The draft report relied on articles written by one David Luban without providing sufficient information to allow the reader readily to evaluate his usefulness as a source. Luban turns out to be a philosopher, not an attorney, as well as a persistent critic of President Bush’s approach to the war on terror. The Draft report doesn’t inform the reader of this, nor does it explain why Luban’s analysis, however insightful it might be, provides a proper basis for concluding that the work of Bybee (now a federal appellate judge) and Yoo (now a tenured law professor) acted with professional incompetence in their work at the Justice Department.
The draft report repeatedly quoted from interviews with Steve Bradbury and Jack Goldsmith, who succeeded Bybee as head of the Office of Legal Counsel. According to Mukasey and Filip, it does so in a way that suggests Bradbury and Goldsmith would agree with the conclusion that Yoo and Bybee committed misconduct or even were professionally incompetent. But the authors apparently never asked Bradbury or Goldsmith whether this was their view.
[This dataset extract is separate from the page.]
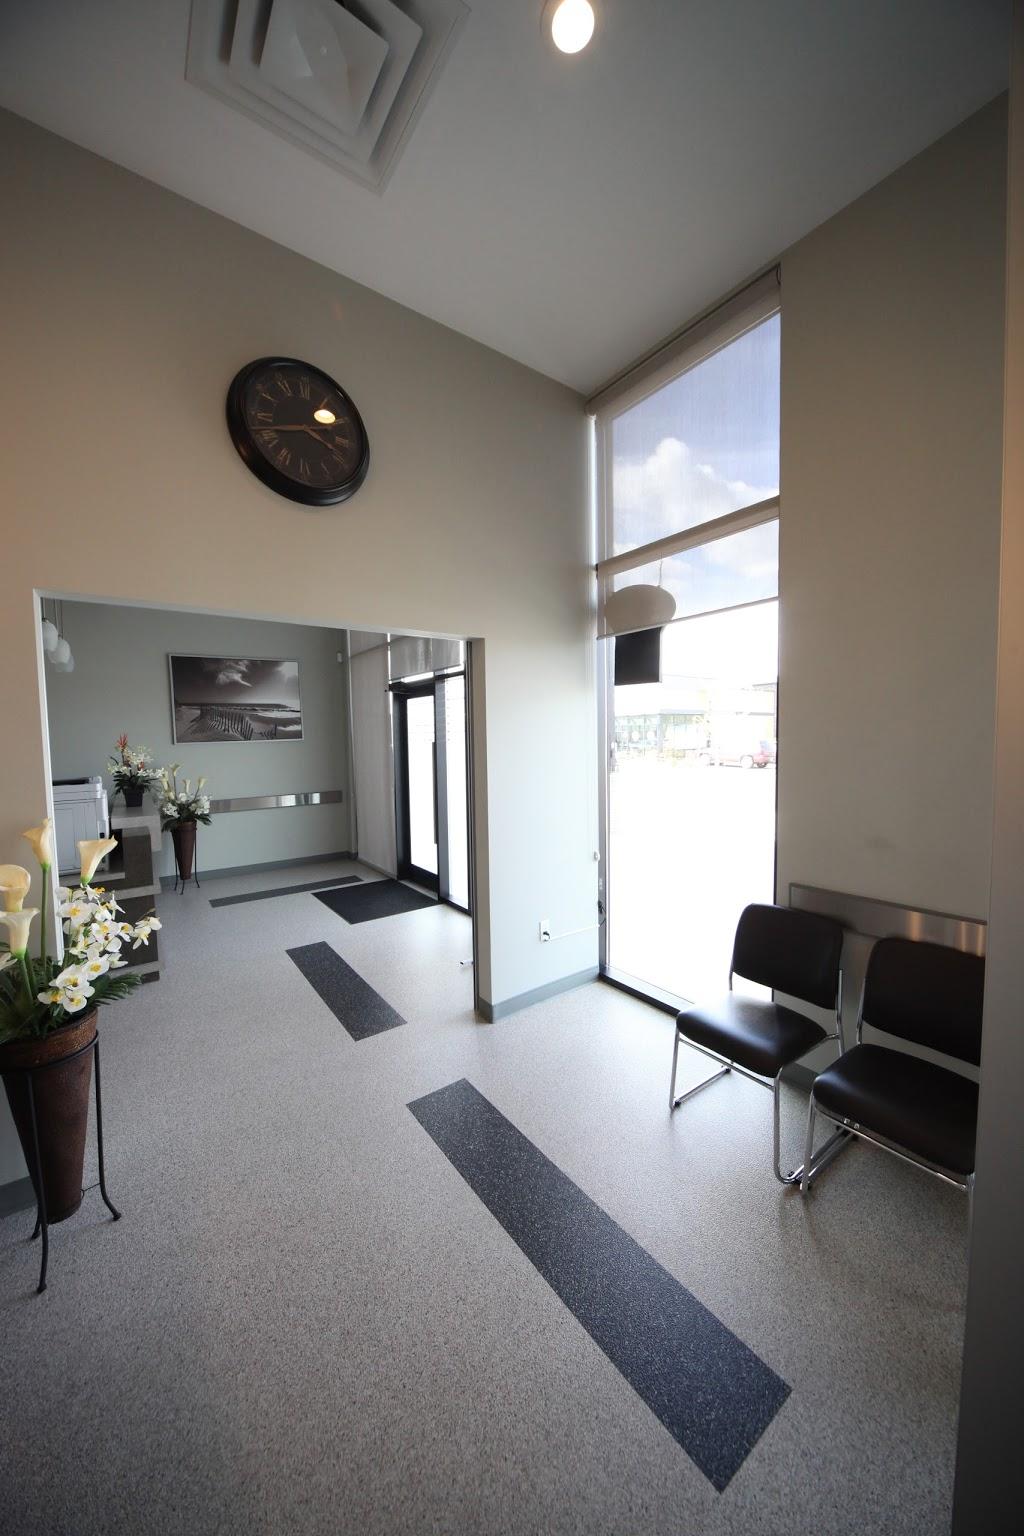 Gracepoint Medical Clinics | doctor | 6823 Ellerslie Rd SW, Edmonton, AB T6X 1L1, Canada | 7807059944 OR +1 780-705-9944

Mukasey and Filip suggest that both men more likely believe, as they do (and as I do) that, although the legal analysis of Yoo and Bybee was flawed in some respects, it was not professionally incompetent.
The Draft report took issue with the Bybee Memo’s discussion of the “necessity defense” in part because “it is difficult to imagine a real-world situation” where an interrogator would “reasonably anticipate[] that his questioning would produce information that would avoid an imminent, threatening harm.” But the Bybee Memo counseled that the availability and strength of the “necessity defense” would depend on (1) the degree of certainty that government officials have that a particular individual has information needed to prevent an attack and (2) the likelihood that the terrorist attack is to occur and the amount of damage the attack would likely cause. With Yoo and Bybee having specified these limits on the defense, it is no grounds for a finding of professional incompetence that DOJ bureaucrats, years after 9/11, have trouble imagining a “ticking time-bomb” scenario.
The Draft report claimed that the Bybee memo did not address an element of the necessity defense requiring the defendant to show that there was no available alternative to violating the law. But the Memo specifically states that “the defendant cannot rely upon the necessity defense if a third alternative is open and known to him that will cause less harm.”

Given these and other shortcomings cited by Mukasey and Filip, it would be easy to conclude that the OPR lawyers who drafted the report were motivated not by a desire to evaluate in good faith the work of Yoo and Bybee, but instead by a partisan desire to punish these men for reaching legal conclusions they disagree with. However, I commend Mukasey and Filip for stopping short of such a conclusion, and instead simply pointing out the errors OPR made in its draft report, so that they might be corrected.
This approach should serve as the Justice Department’s guide going forward. Attack bad legal analysis, but be very, very hesitant to attack the motives or the professional competence of those you believe have committed it.